We split the labelled data into a training set (often c. 80%) & a testing set (the rest).
Training inputs and parameters are fed to the architecture.
We get predictions as outputs.
A metric (e.g. error rate) compares predictions & training labels: this is a measure of model performance.
Because it is not always sensitive enough to changes in parameter values,
we compute a loss function …
… which allows to adjust the parameters slightly through backpropagation.
This cycle gets repeated at each step.
At the end of the training process, what matters is the combination of architecture and trained parameters.

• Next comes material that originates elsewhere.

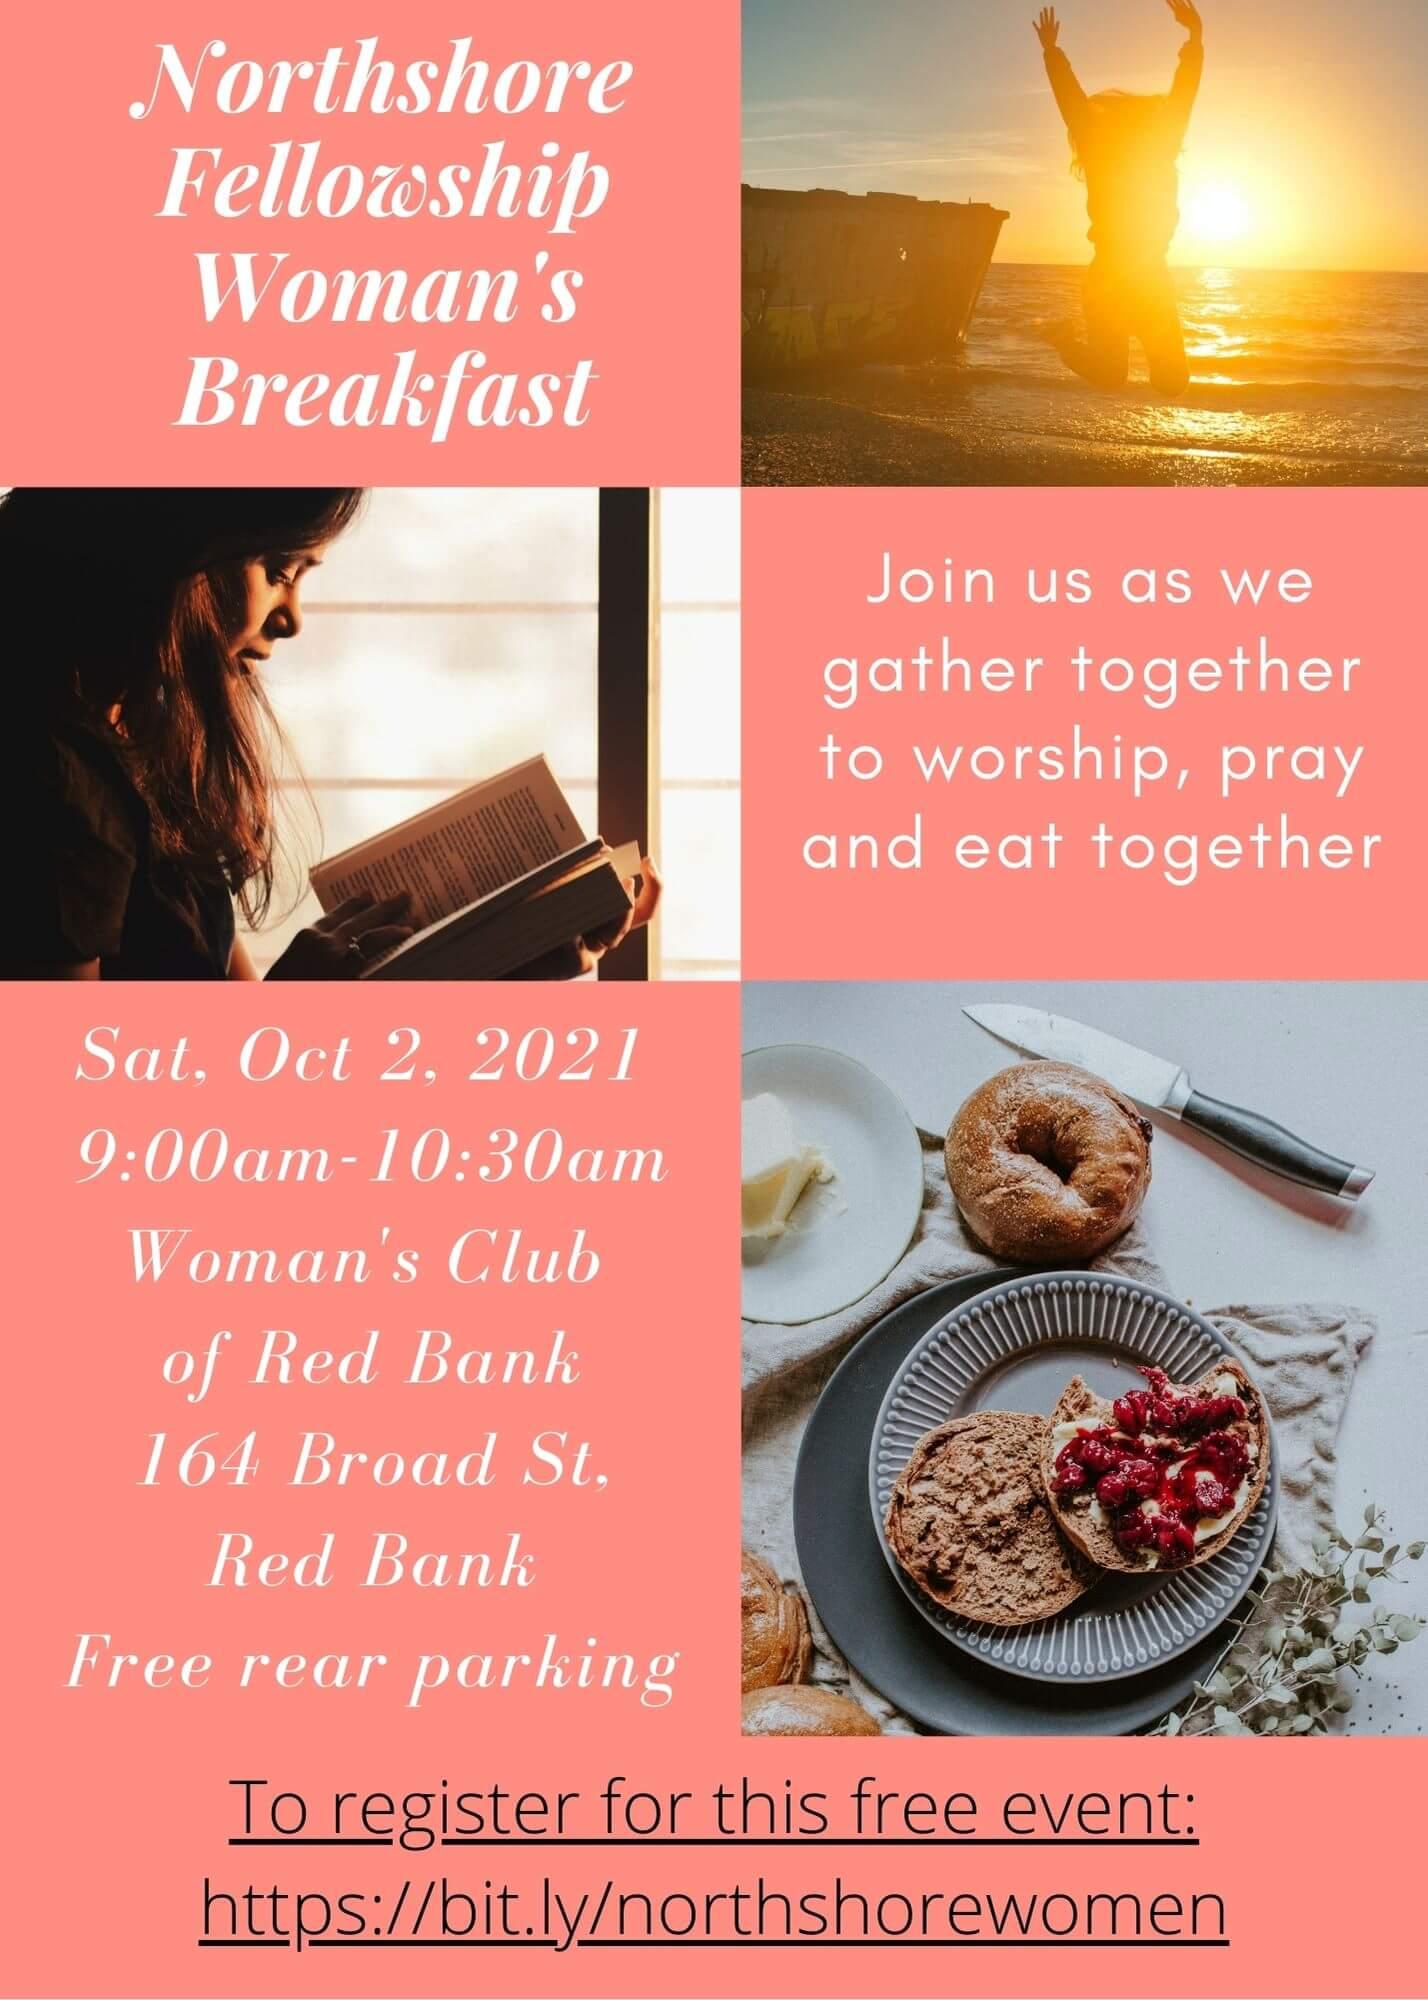 Northshore Fellowship Woman's Breakfast October 2, 2021

That’s what constitute a model.
A model can be considered as a regular program.
We test the model on labelled data it has never seen: the testing data.
No training data is used here!
The testing loss informs us on how well our model performs with data it was not trained on.
Finally, the model can be used to obtain outputs we really care about from unlabelled inputs. We are now using it just like a regular program.